On his first travel overseas since the start of the war, NATO head of state Erdoan meets Putin in Tehran of all places. More than ever, the Saudi government works closely with Moscow to regulate the OPEC-plus cartel's oil output limitations. Russia's isolation in the Middle East is not visible. In the case of a conflict with China, the West should not expect individuals in positions of authority to act in a radically different manner. Beyond the economic collateral damage that some of their populations must endure, it can be said that the governments of the great regional nations are virtually all among the temporary winners of the new period in terms of power politics.


Internal tranquility, atonement with rivals, and efforts to compete on a worldwide scale: these three factors now do not establish a stable equilibrium. But it simmers below the surface. The underlying contradictions that gave rise to the Arab Spring have not yet been addressed. Beyond the Gulf, where there is an abundance of wealth, political consolidation is frequently threatened most by a lack of socio-economic opportunities. The Iranian uprising is only the most recent to be put down by oppression. She is not the last one.


Iran continues to pose the biggest threat to the tenuous and flimsy ceasefire. In fact, it is exactly these oddly asynchronous processes that create an almost impenetrable escalation dynamic. The regime's strong sense of self-confidence in its international policy contrasts with its internal brittleness. the warming of relations with regional adversaries who are becoming more antagonistic toward the West.

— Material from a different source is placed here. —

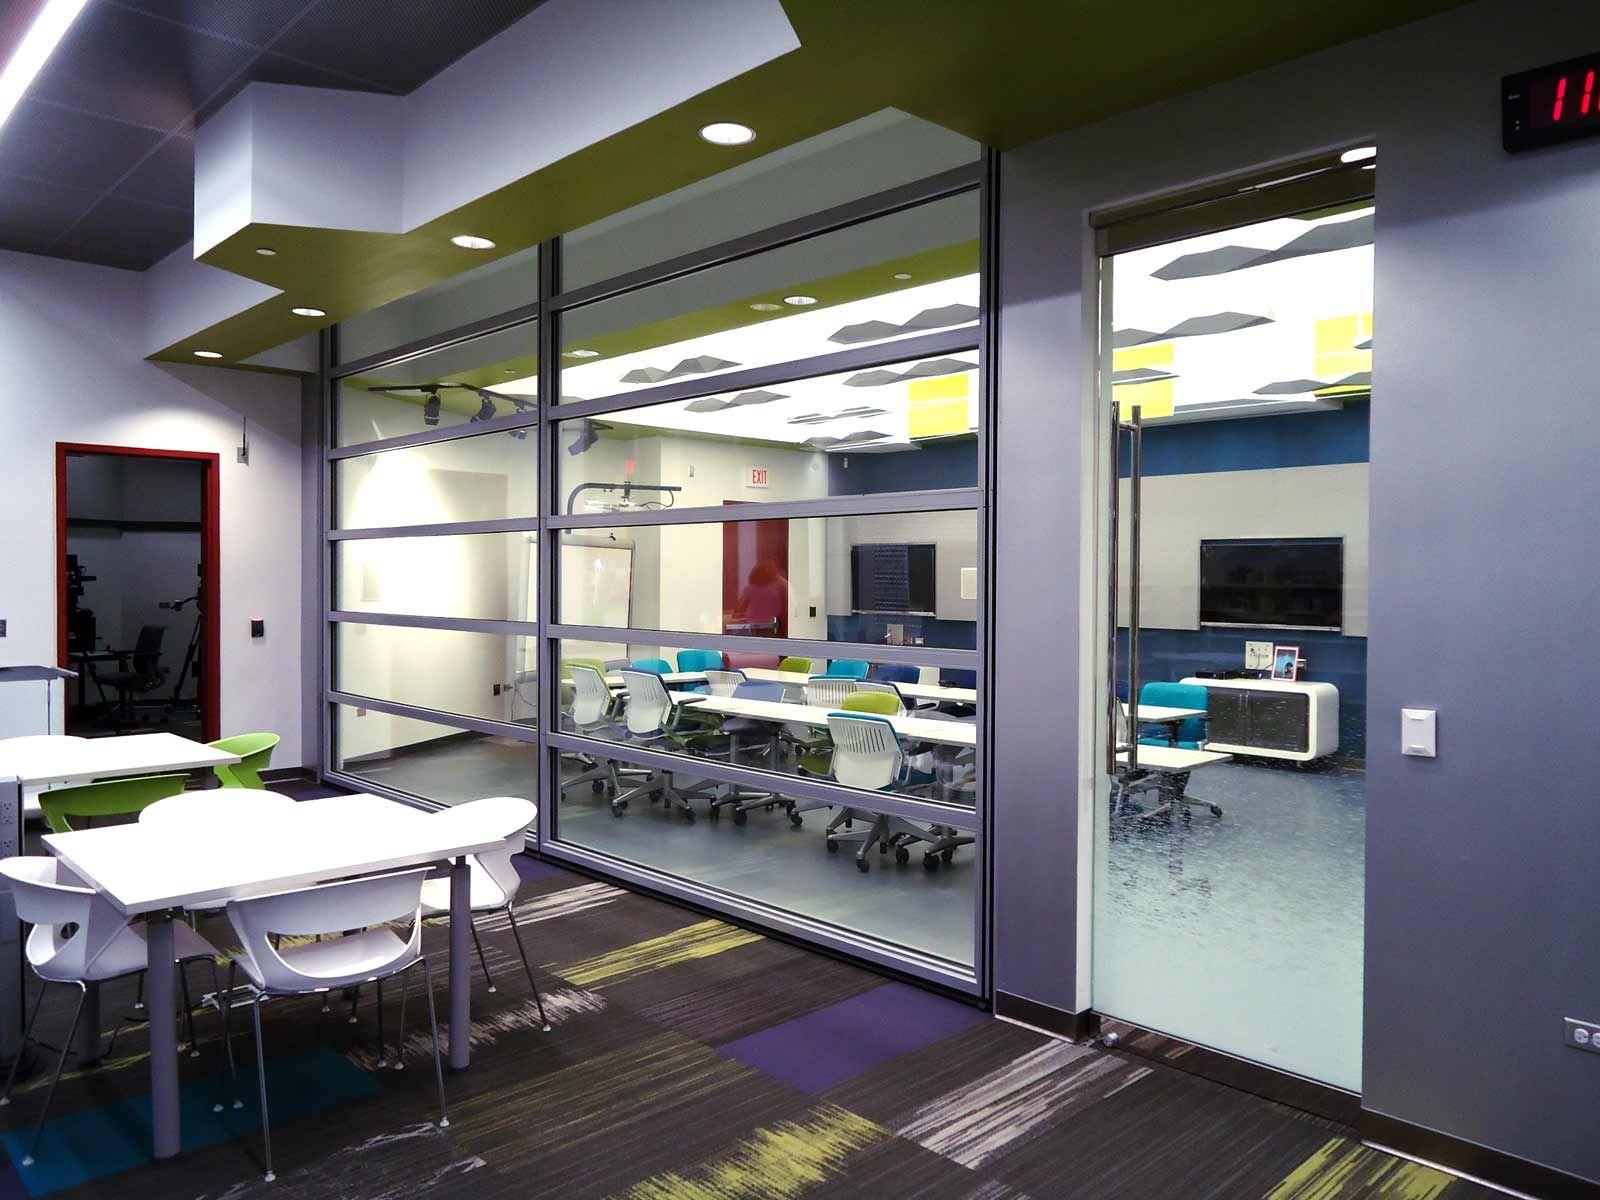 Skyfold Mirage - Schaumburg Library Schaumburg IL & Skyfold Mirage - Schaumburg Library Schaumburg IL | Skyfold ... pezcame.com

At this point, it is unclear how a political departure from the spiral of escalation can still be successful, even if all parties wish to avoid a very major confrontation. Where may a new nuclear accord be established at a solid landing point? A deal that insured the de facto nuclear emerging state wouldn't go beyond the predetermined threshold.


The main threat to the shaky and precarious truce remains Iran. In actuality, it is these peculiarly asynchronous processes themselves that produce an almost uncontrollable escalation dynamic. The thawing of relations with regional rivals who are become increasingly hostile toward the West contrasts with the regime's internal brittleness and its strong feeling of self-confidence in its foreign policy. Even if all sides want to prevent a very serious conflict, it is now unclear how a political break from the spiral of escalation can still be achieved. Where can a new nuclear agreement be made that has a firm landing? A pact that guaranteed the growing de facto nuclear state wouldn't go beyond the predetermined threshold.